Overall, the data center optimization project cost Midwest Family about $750,000, but the investment has proved worthy, Harwood says.

“It’s a large investment, but the benefits are even larger,” he says. “We can survive a catastrophic failure, and we are not going to lose any data.”

Why the Hyperconverged Move Makes Sense

Sevier County Bank in Tennessee recently upgraded its data center with hyperconverged infrastructure, and the decision is paying off.

The bank’s core customer account processing systems running on mainframes were never at risk. But last year, the bank’s data center, which runs email, file servers and check imaging, started showing significant age. Its 15 servers were between 5 to 7 years old and running Windows 2003, which Microsoft planned to stop supporting. The bank also didn’t have a backup data center — it used tape backups.

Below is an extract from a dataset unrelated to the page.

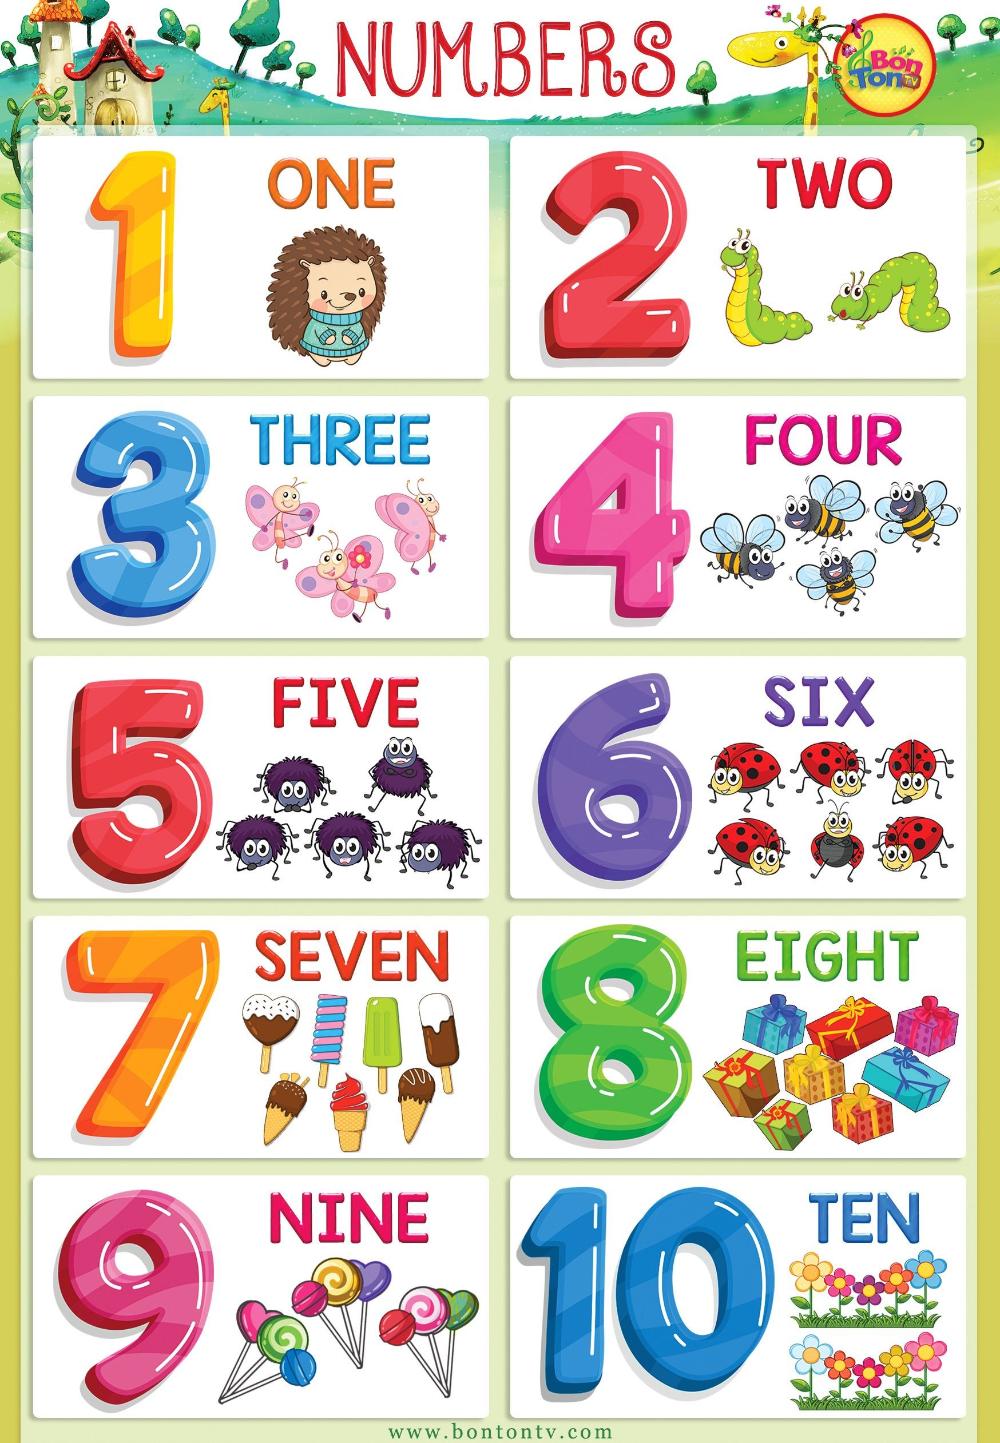 4 Worksheet Free Preschool Kindergarten Worksheets Numbers Printing Numbers E Learning Numbers Preschool Kids Worksheets Preschool Numbers Preschool Printables

The bank, which wanted to adopt virtualization and build a secondary data center, considered a more traditional IT approach with separate servers, storage and networking equipment, but the $180,000 price tag was too expensive.

Josh Carr, Sevier County Bank’s IT manager and systems administrator, discovered that Scale Computing’s HC3 appliance provided the functionality the bank needed at one-third the cost.

Hyperconverged Infrastructure Offers the Total Package

The HC3 device features a server, storage and open-source KVM hypervisor for virtualization. Carr purchased a three-node Scale HC2000 cluster for the primary site and added a three-node Scale HC1000 cluster for the secondary site. He also installed two network switches at each site for redundancy.

Carr says the hyperconverged infrastructure met the bank’s requirements: ease of use, scalability and high availability. “The all-in-one package is a great option for small to medium-sized businesses,” he says. “It doesn’t take a lot of technical know-how and is extremely easy to use.”

Of all the data center options, the hyperconverged equipment was most efficient and cost-effective, adds bank CEO Matthew Converse.

“Banks are among the least adventurous organizations because of security, confidentiality and redundancy needs,” Converse says. “But going the route of new technology, being a little adventurous, and seeing how it might fit our industry paid great dividends.”